» **MATERIAL PROVIDED**

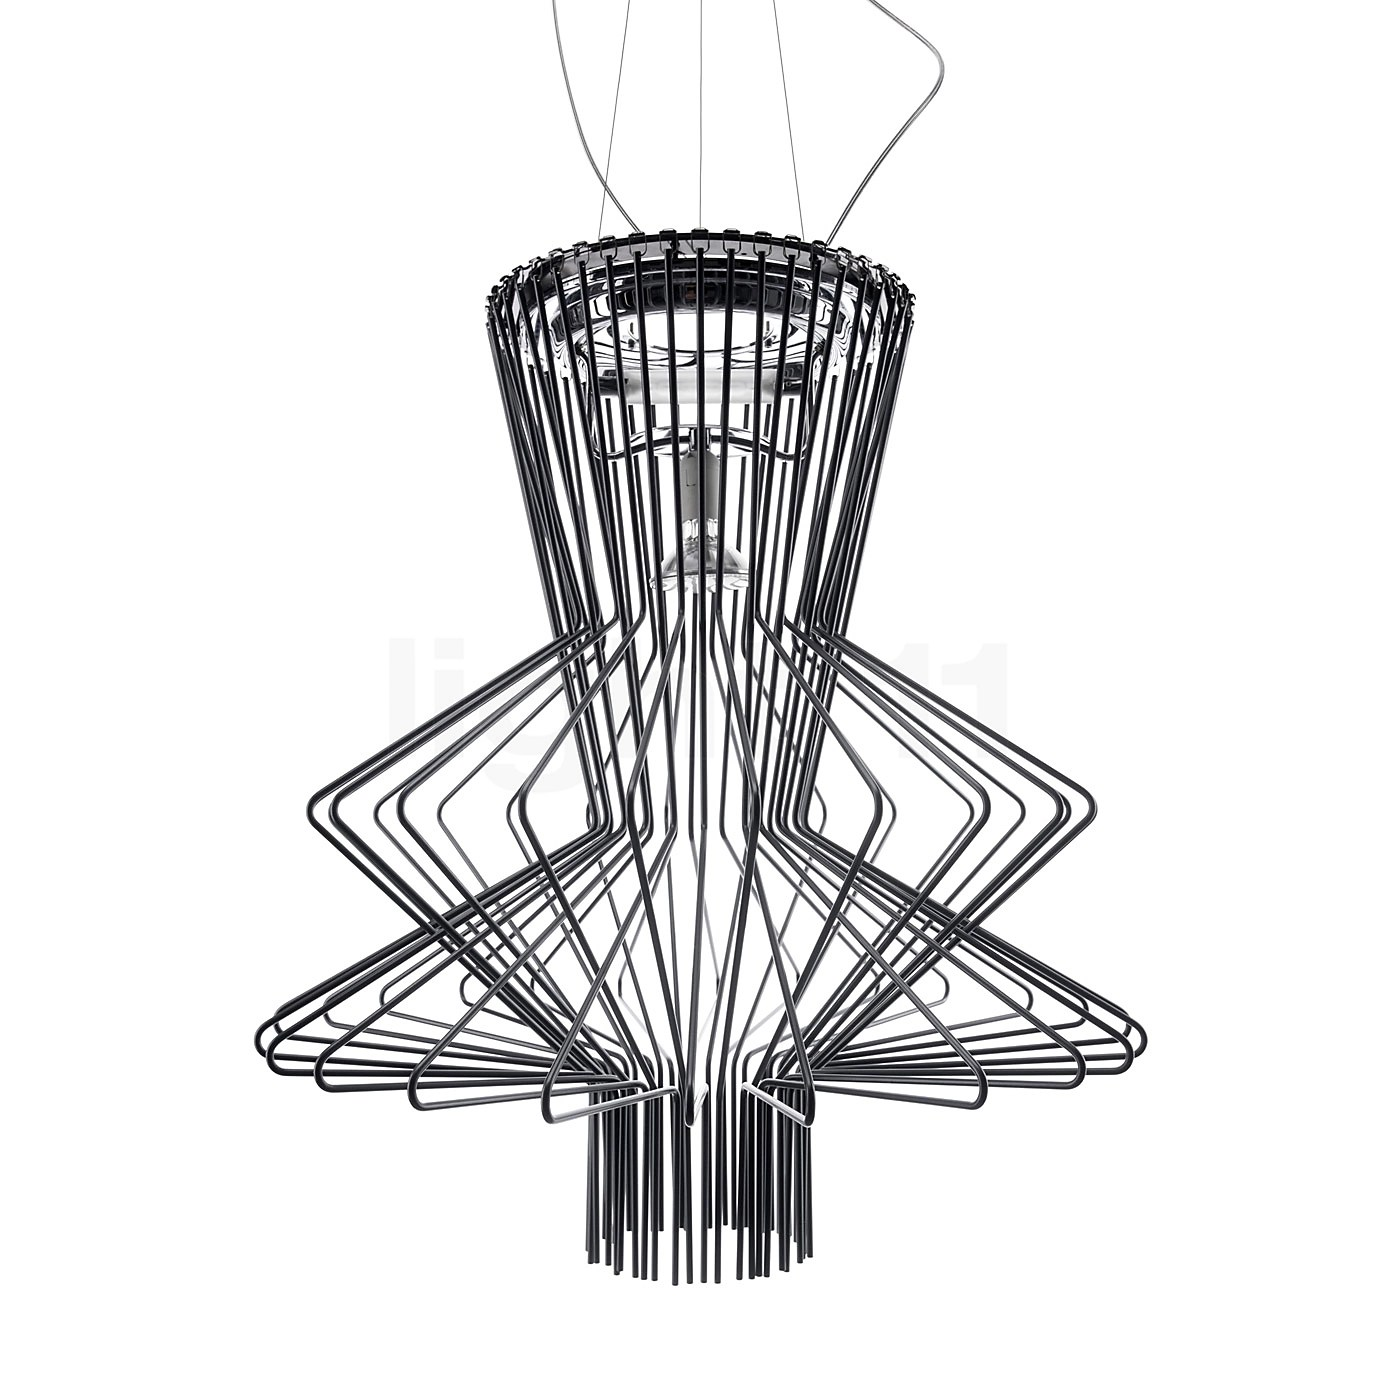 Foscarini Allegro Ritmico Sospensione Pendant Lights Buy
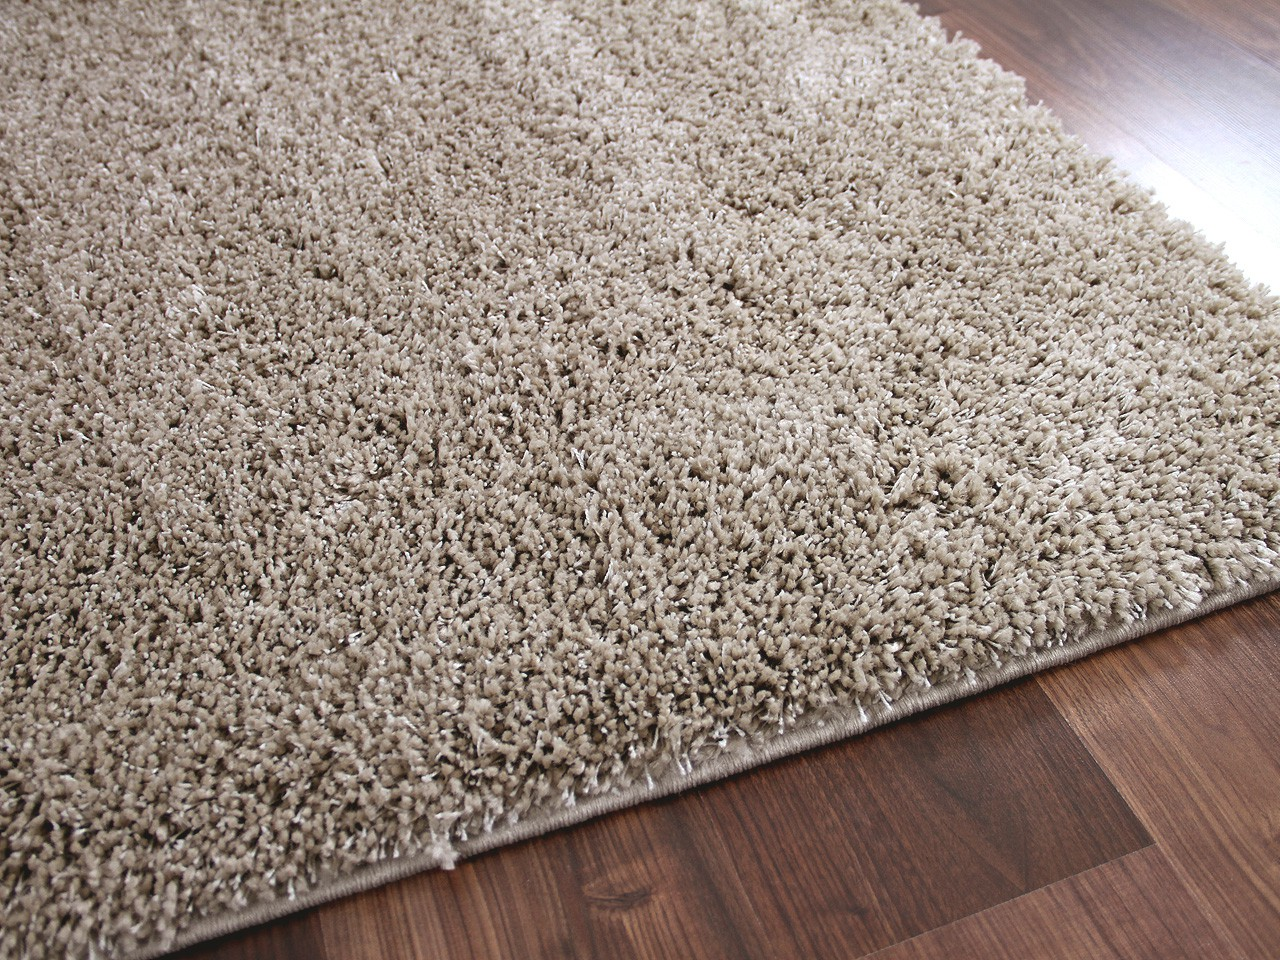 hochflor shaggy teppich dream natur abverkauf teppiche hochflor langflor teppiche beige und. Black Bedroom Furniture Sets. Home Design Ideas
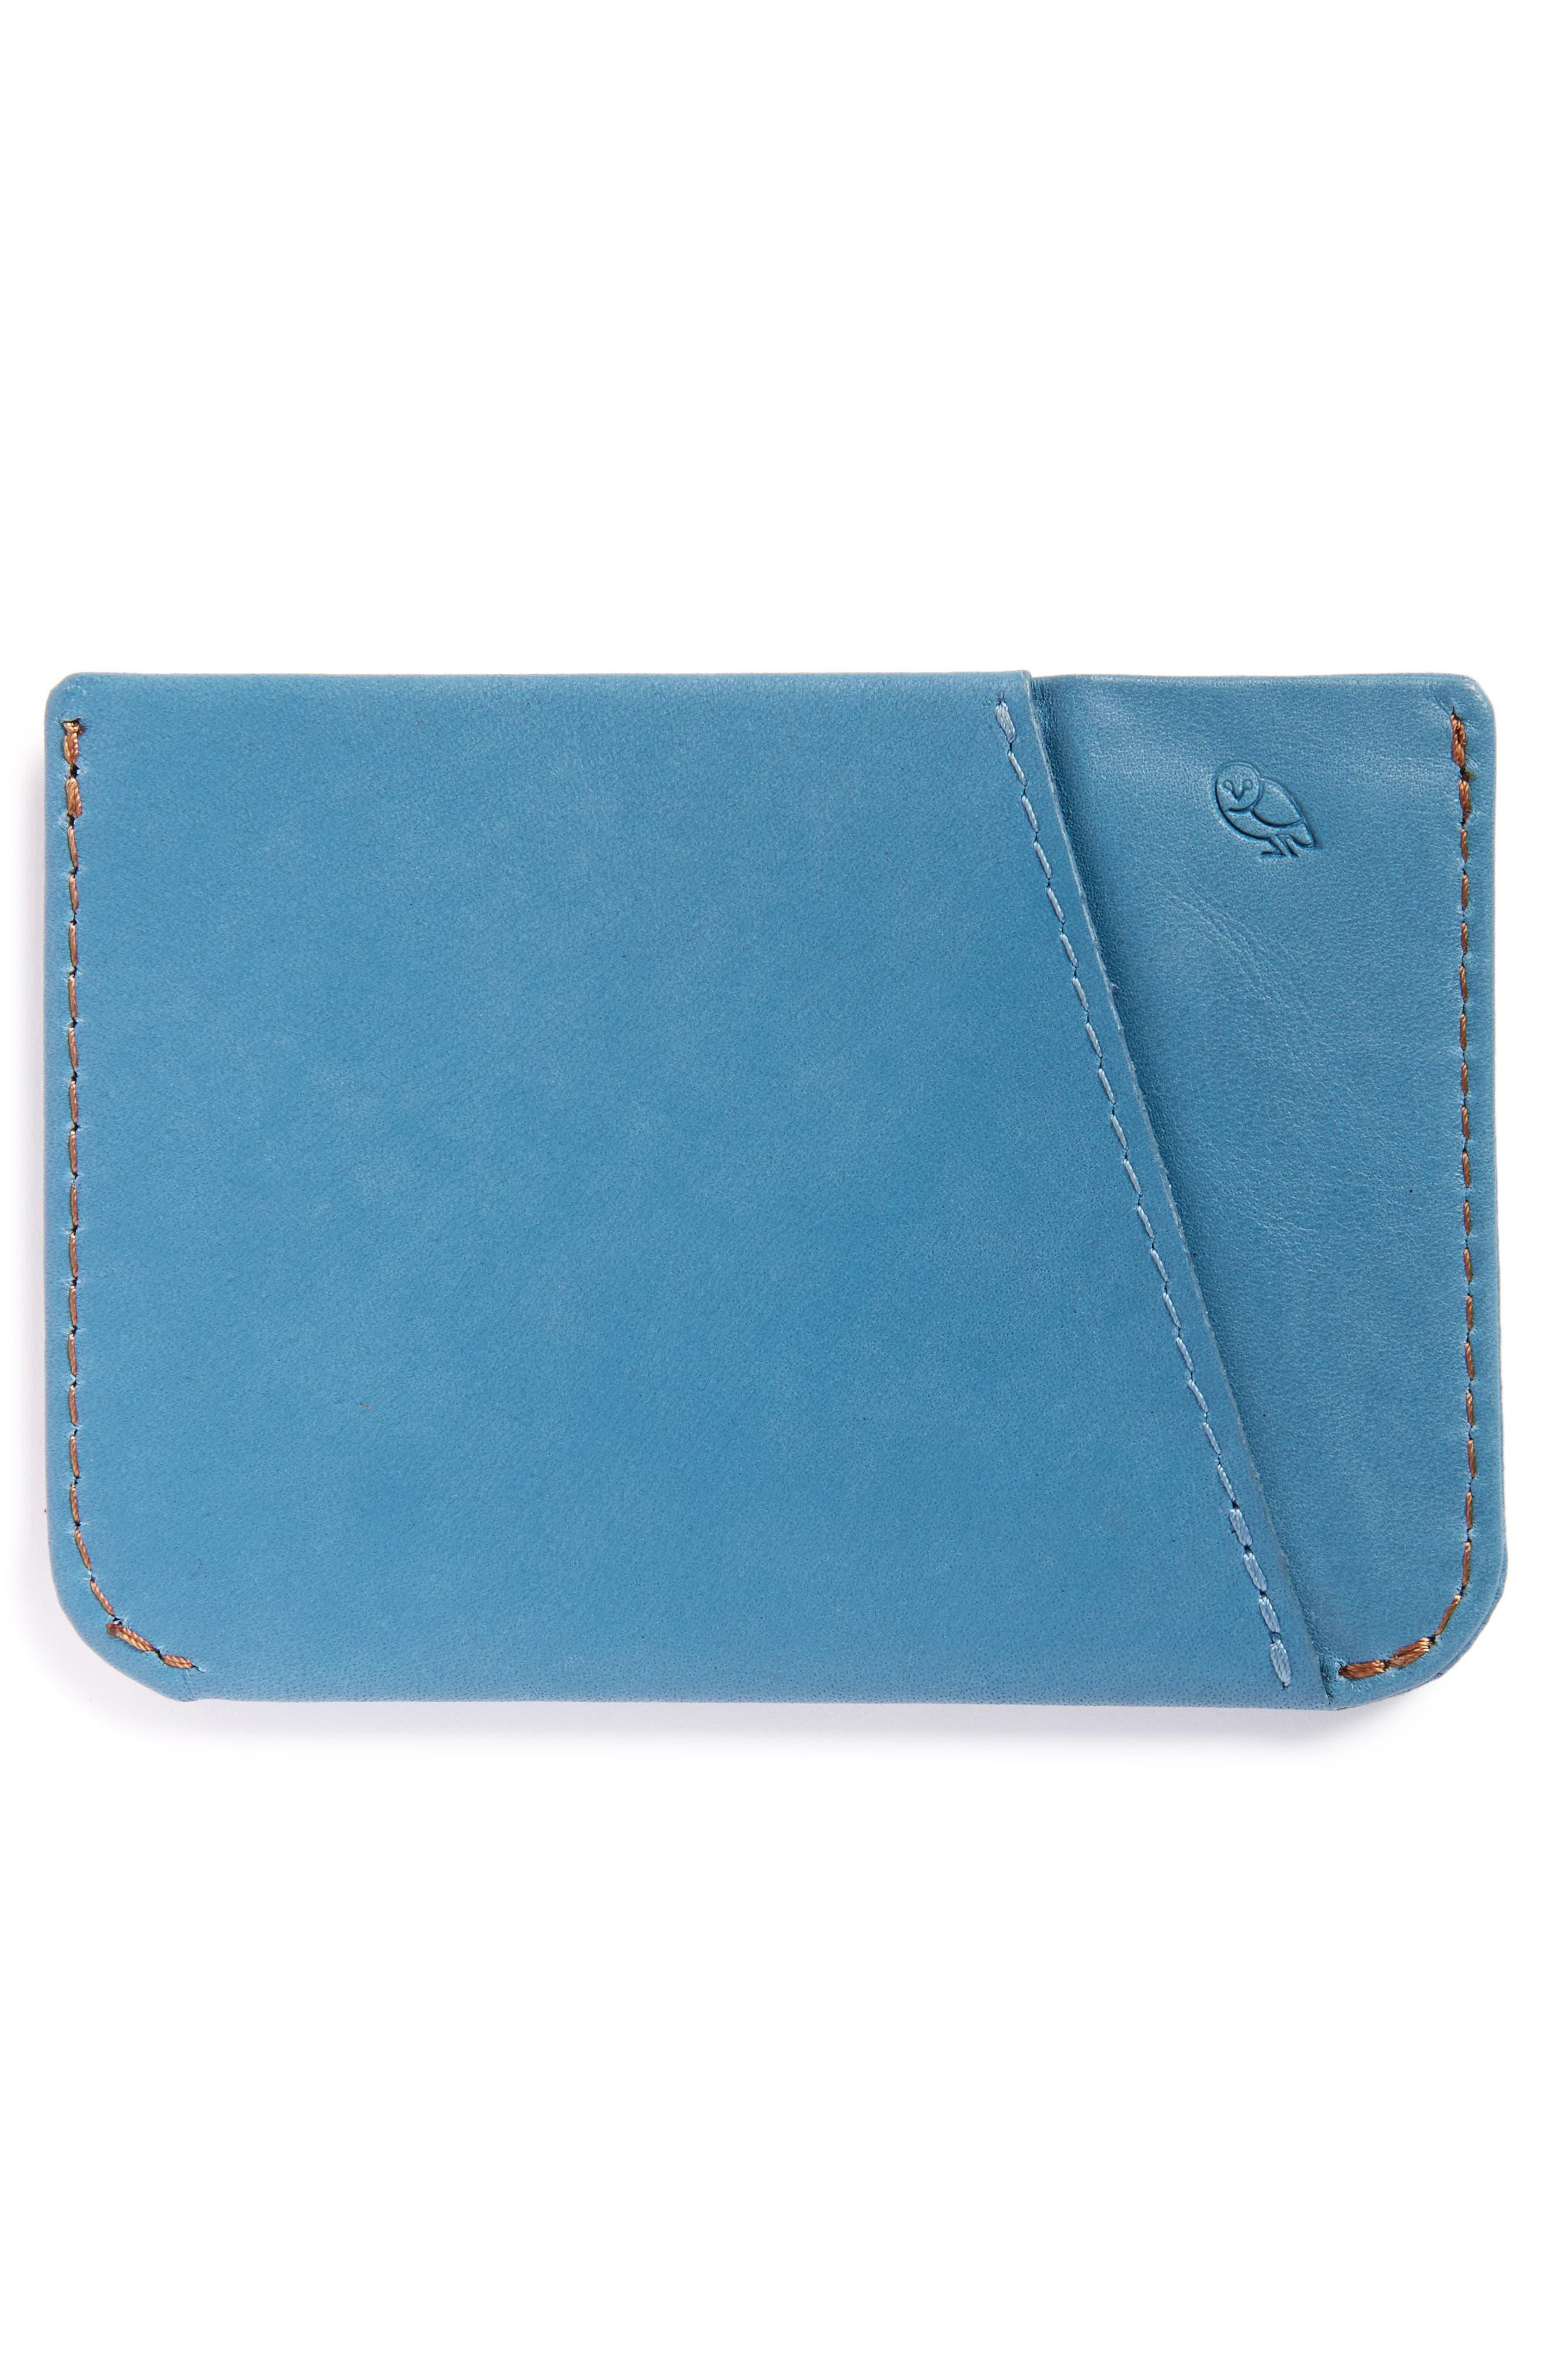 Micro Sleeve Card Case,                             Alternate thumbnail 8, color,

» **TASK INSTRUCTIONS**
Repeat the material line for line. Pictures stay out of the copy.

» **SOLUTION TO THIS TASK**
 Foscarini Allegro Ritmico Sospensione Pendant Lights Buy
 hochflor shaggy teppich dream natur abverkauf teppiche hochflor langflor teppiche beige und. Black Bedroom Furniture Sets. Home Design Ideas
 Micro Sleeve Card Case,                             Alternate thumbnail 8, color,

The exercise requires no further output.